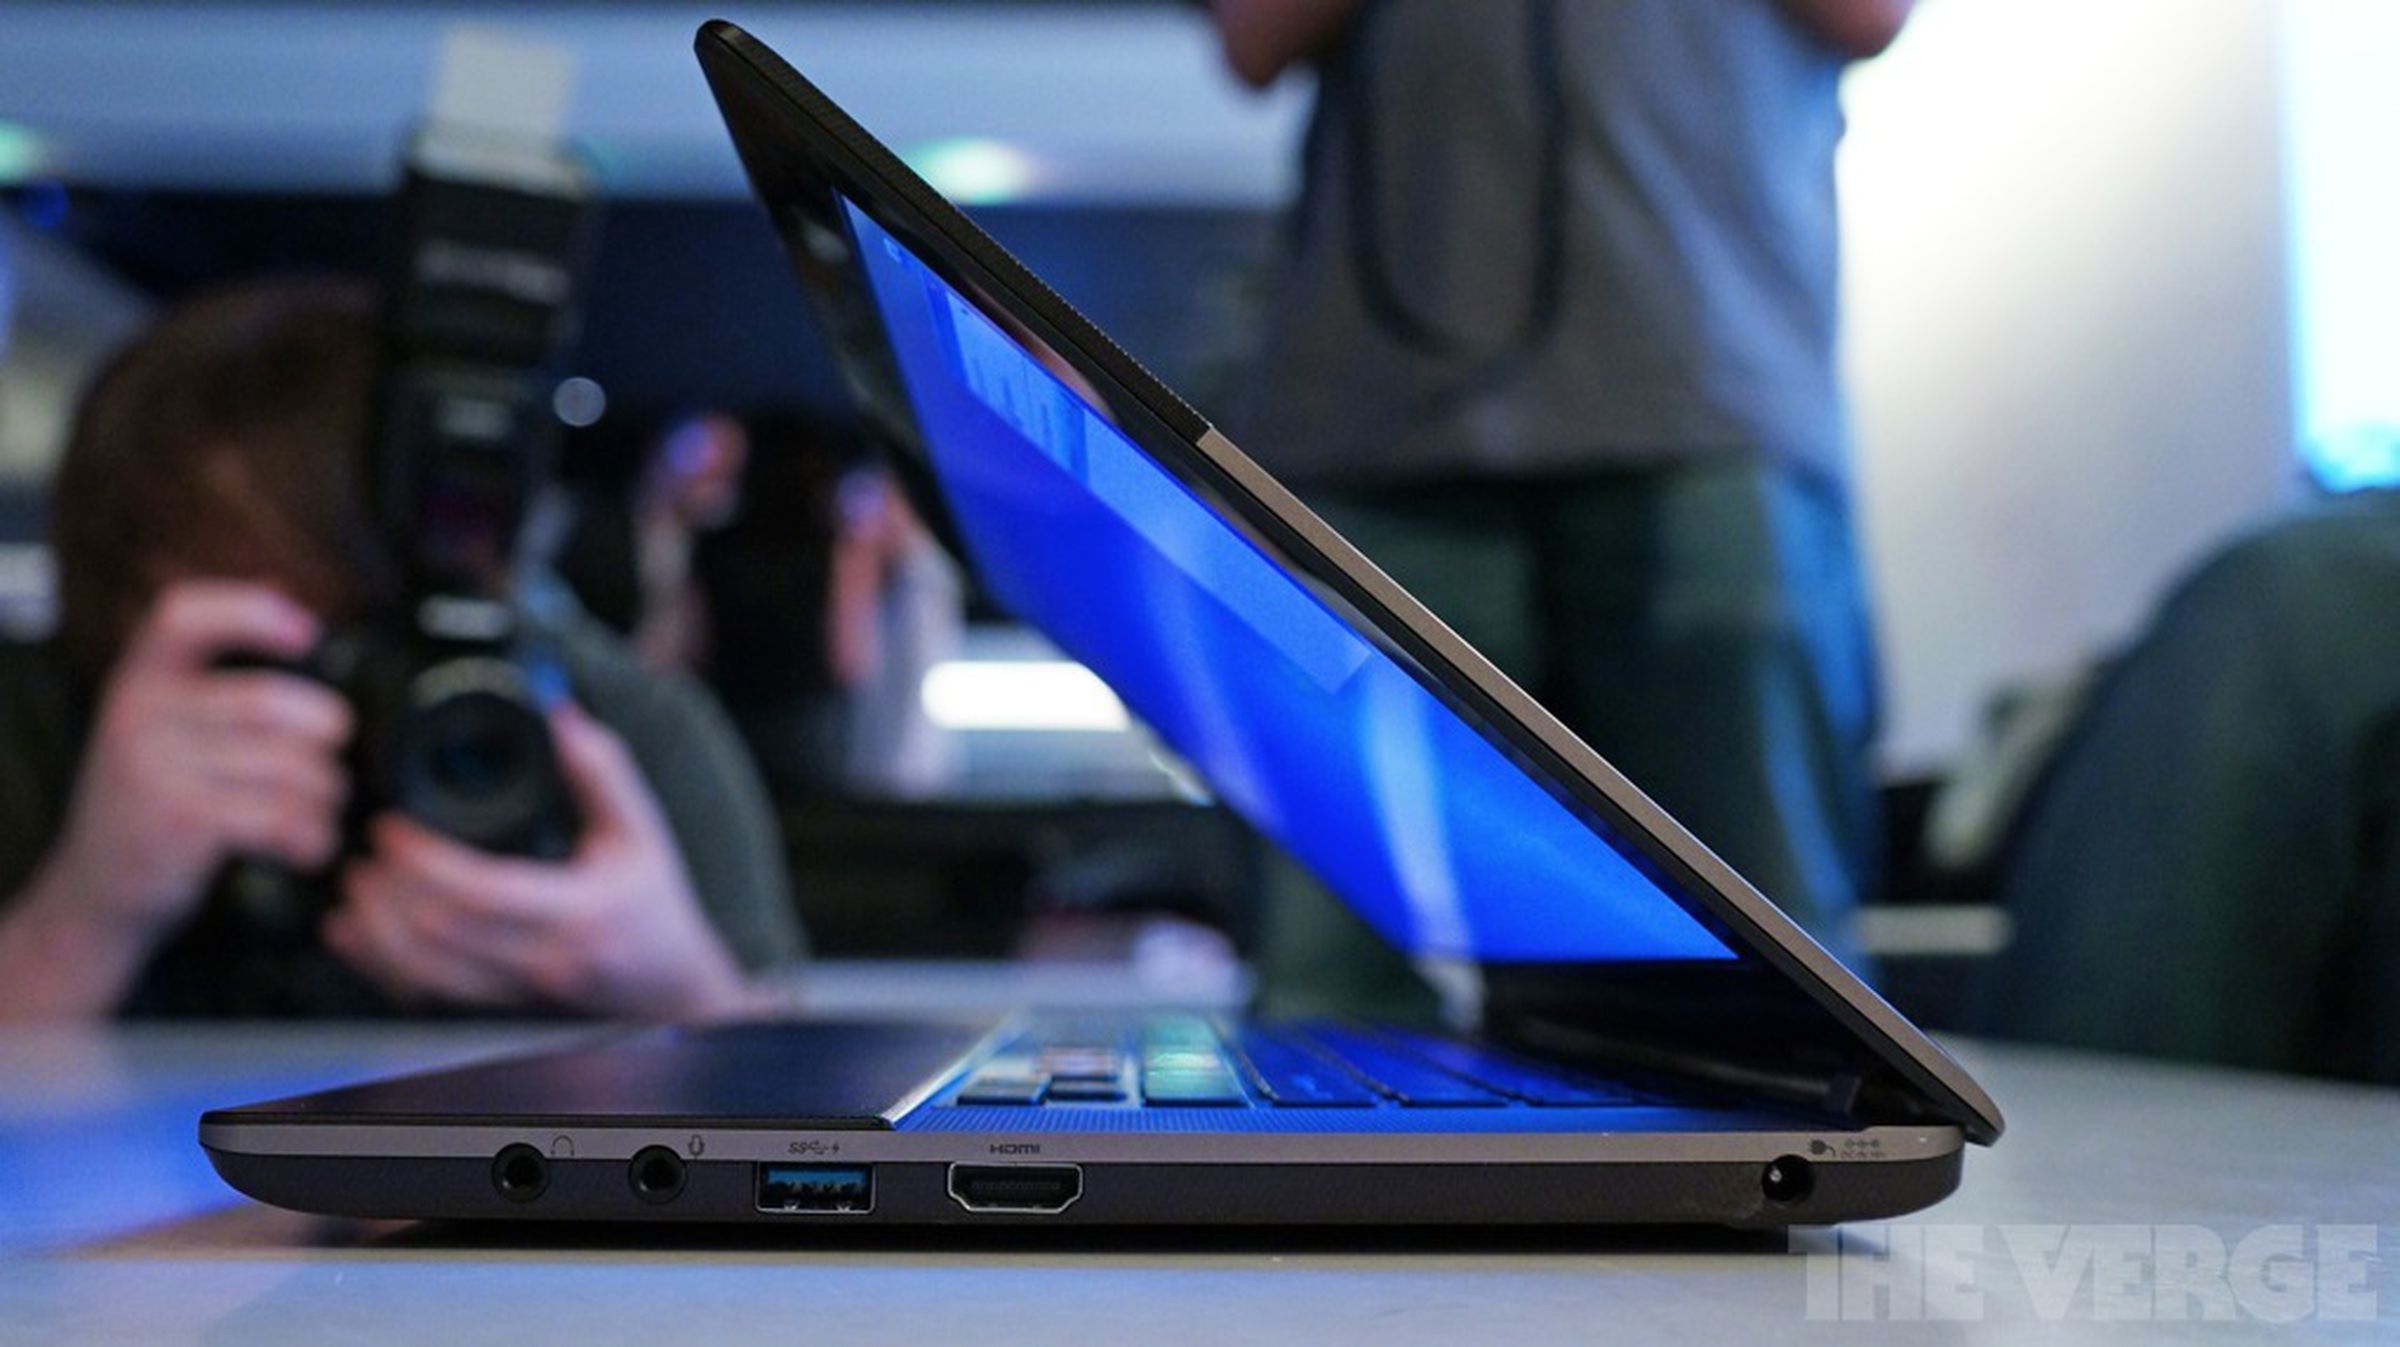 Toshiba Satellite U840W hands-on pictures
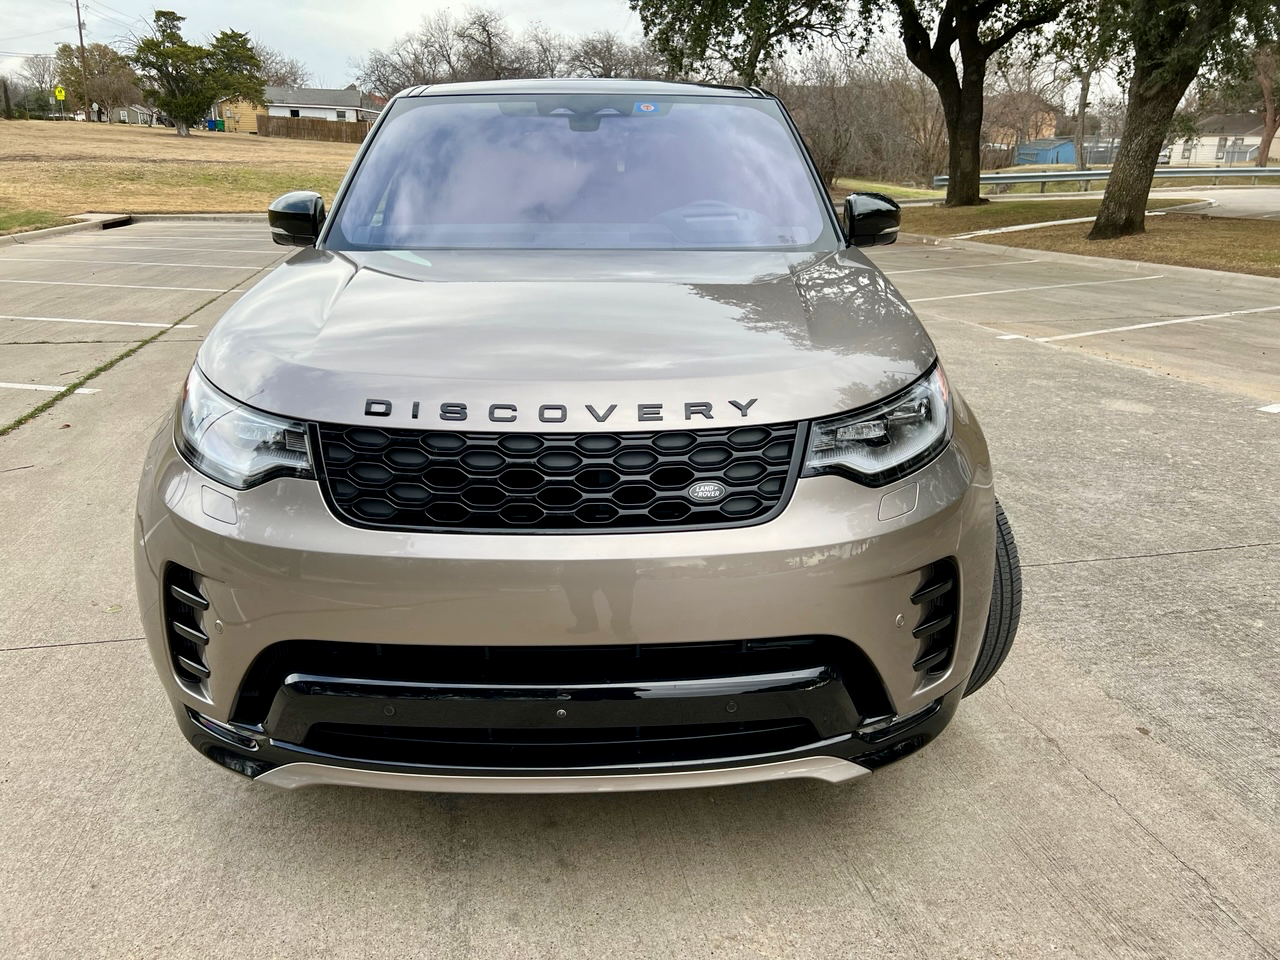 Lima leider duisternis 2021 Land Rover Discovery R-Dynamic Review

§ §

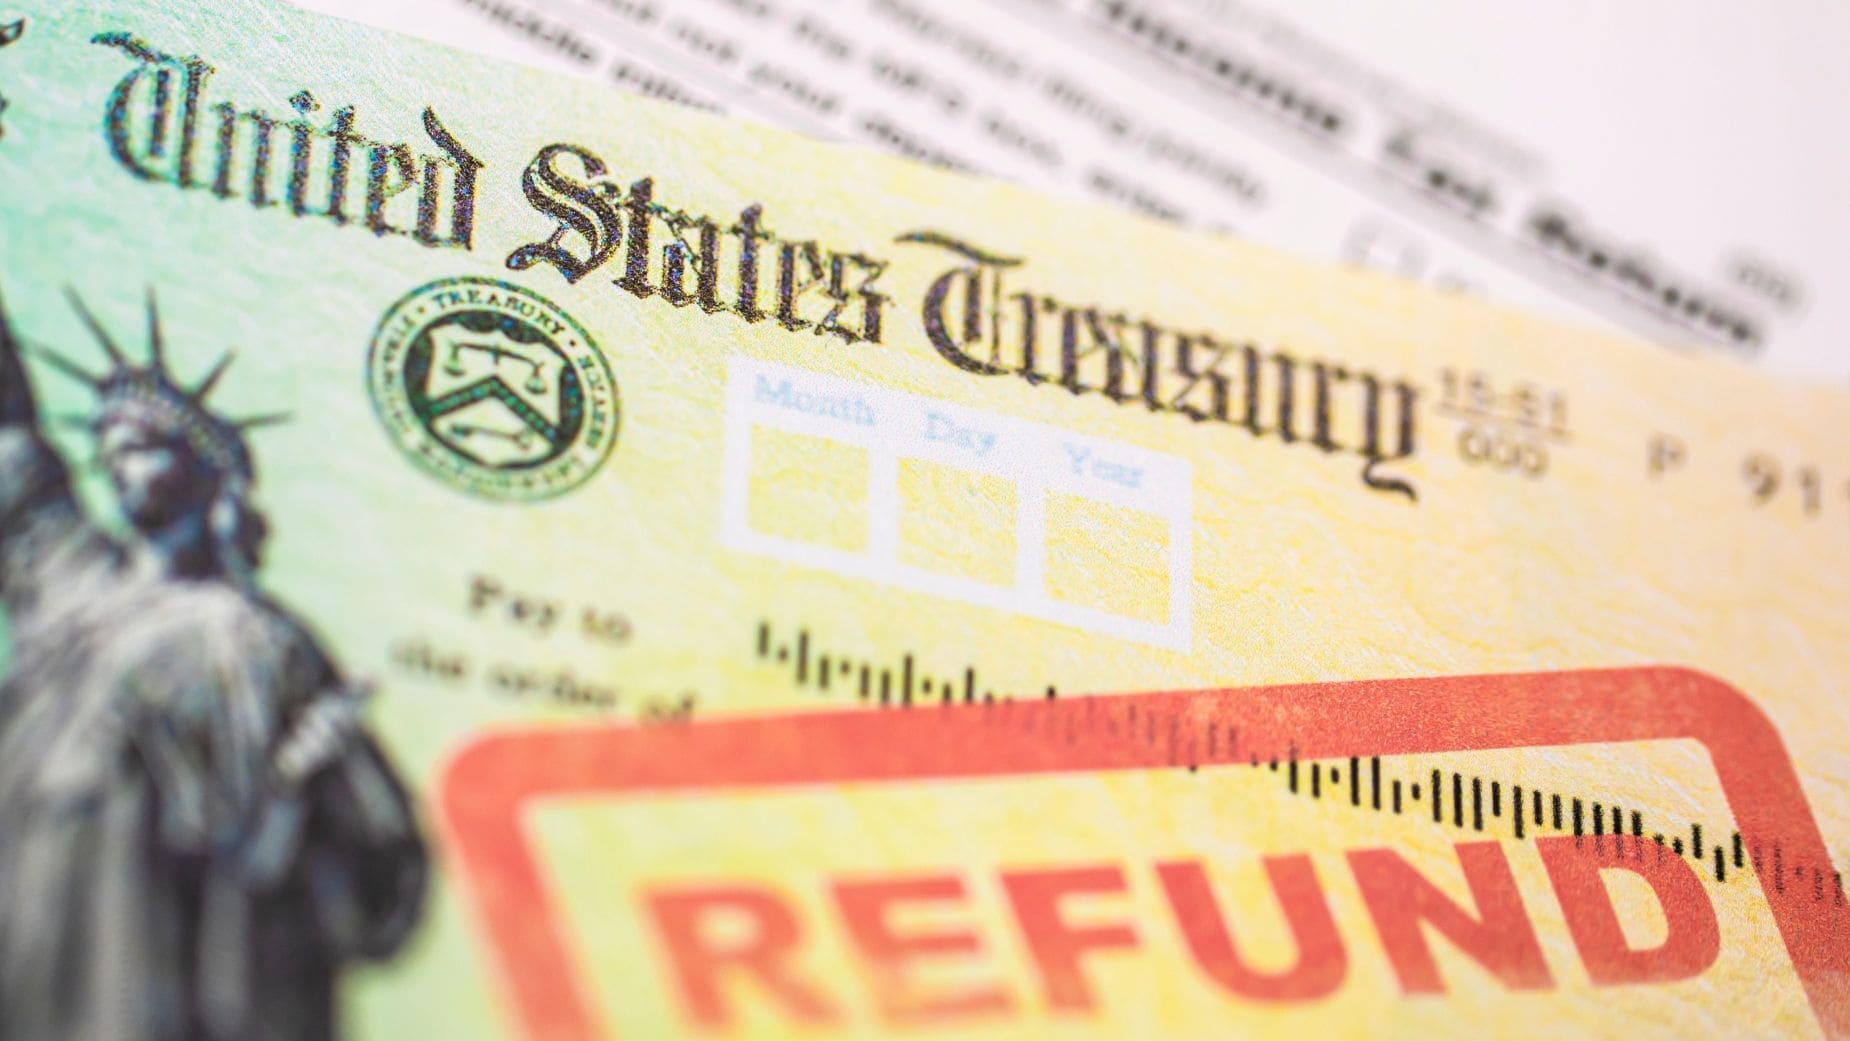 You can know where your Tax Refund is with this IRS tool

§ §

__Work item__.
Copy the lines above exactly, starting at the one with "Toshiba Satellite U840W hands-on pictures" and ending at the one with "Lima leider duisternis", both included. Leave out any pictures and add nothing else.

__Your solution__.
 Toshiba Satellite U840W hands-on pictures
 Lima leider duisternis 2021 Land Rover Discovery R-Dynamic Review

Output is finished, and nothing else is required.